The following code is taken from angular source code, di.ts.

export interface AttributeDecorator { 
  (name: string): any;
  new (name: string): Attribute;
}

I understand this is an interface. But what new (name: string): Attribute is doing and why there is two types for name, string and any.

The above code is followed by

export interface Attribute { attributeName?: string; }
export const Attribute: AttributeDecorator = makeParamDecorator('Attribute', (attributeName?: string) => ({attributeName}));
Vishnu Sureshkumar
  • 2,246
  • 6
  • 35
  • 52

1 Answers1

2

(name: string): any indicates that a function that implements this interface is supposed to be called as regular function; it's called with name string argument and returns any.

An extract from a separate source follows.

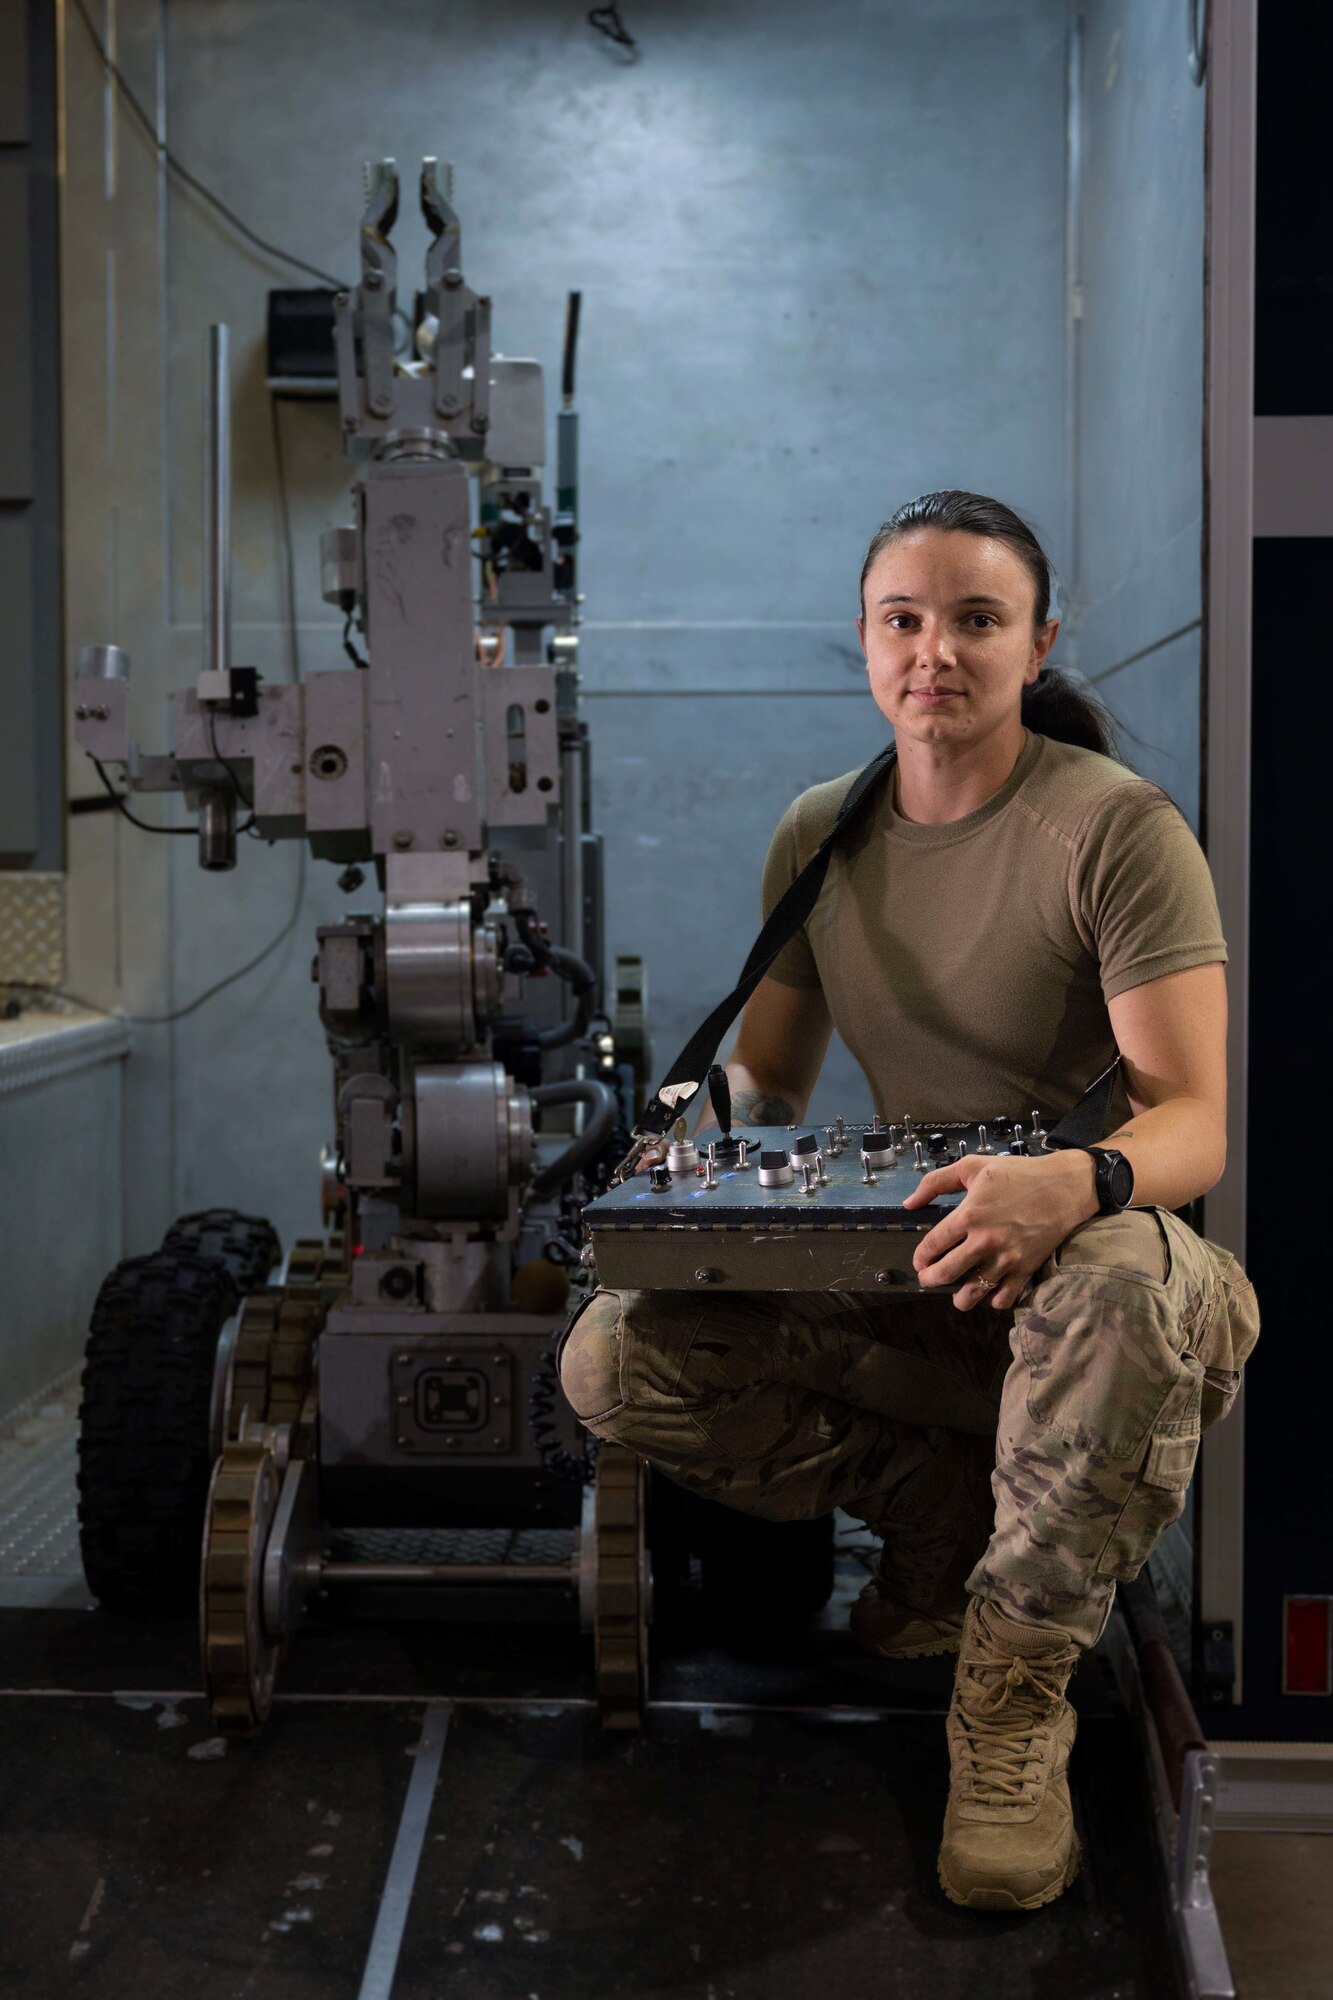 U.S. Air Force Senior Airman Tiela Roland, 36th Civil Engineer Squadron explosive ordinance disposal team member, poses with an Andros F-6 robot for a photo at Andersen Air Force Base, Guam, Aug. 4, 2022.

new (name: string): Attribute indicates that a function that implements this interface is supposed to be used as a constructor, be called with new and return Attribute object.

This decorator interface describes the fact that Angular decorator function can be used as both @Attribute(...) parameter decorator function and new Attribute(...) constructor, and they behave differently when being called like that.

new Attribute(...) can be used for annotations in ES5 and ES6, as shown in this answer.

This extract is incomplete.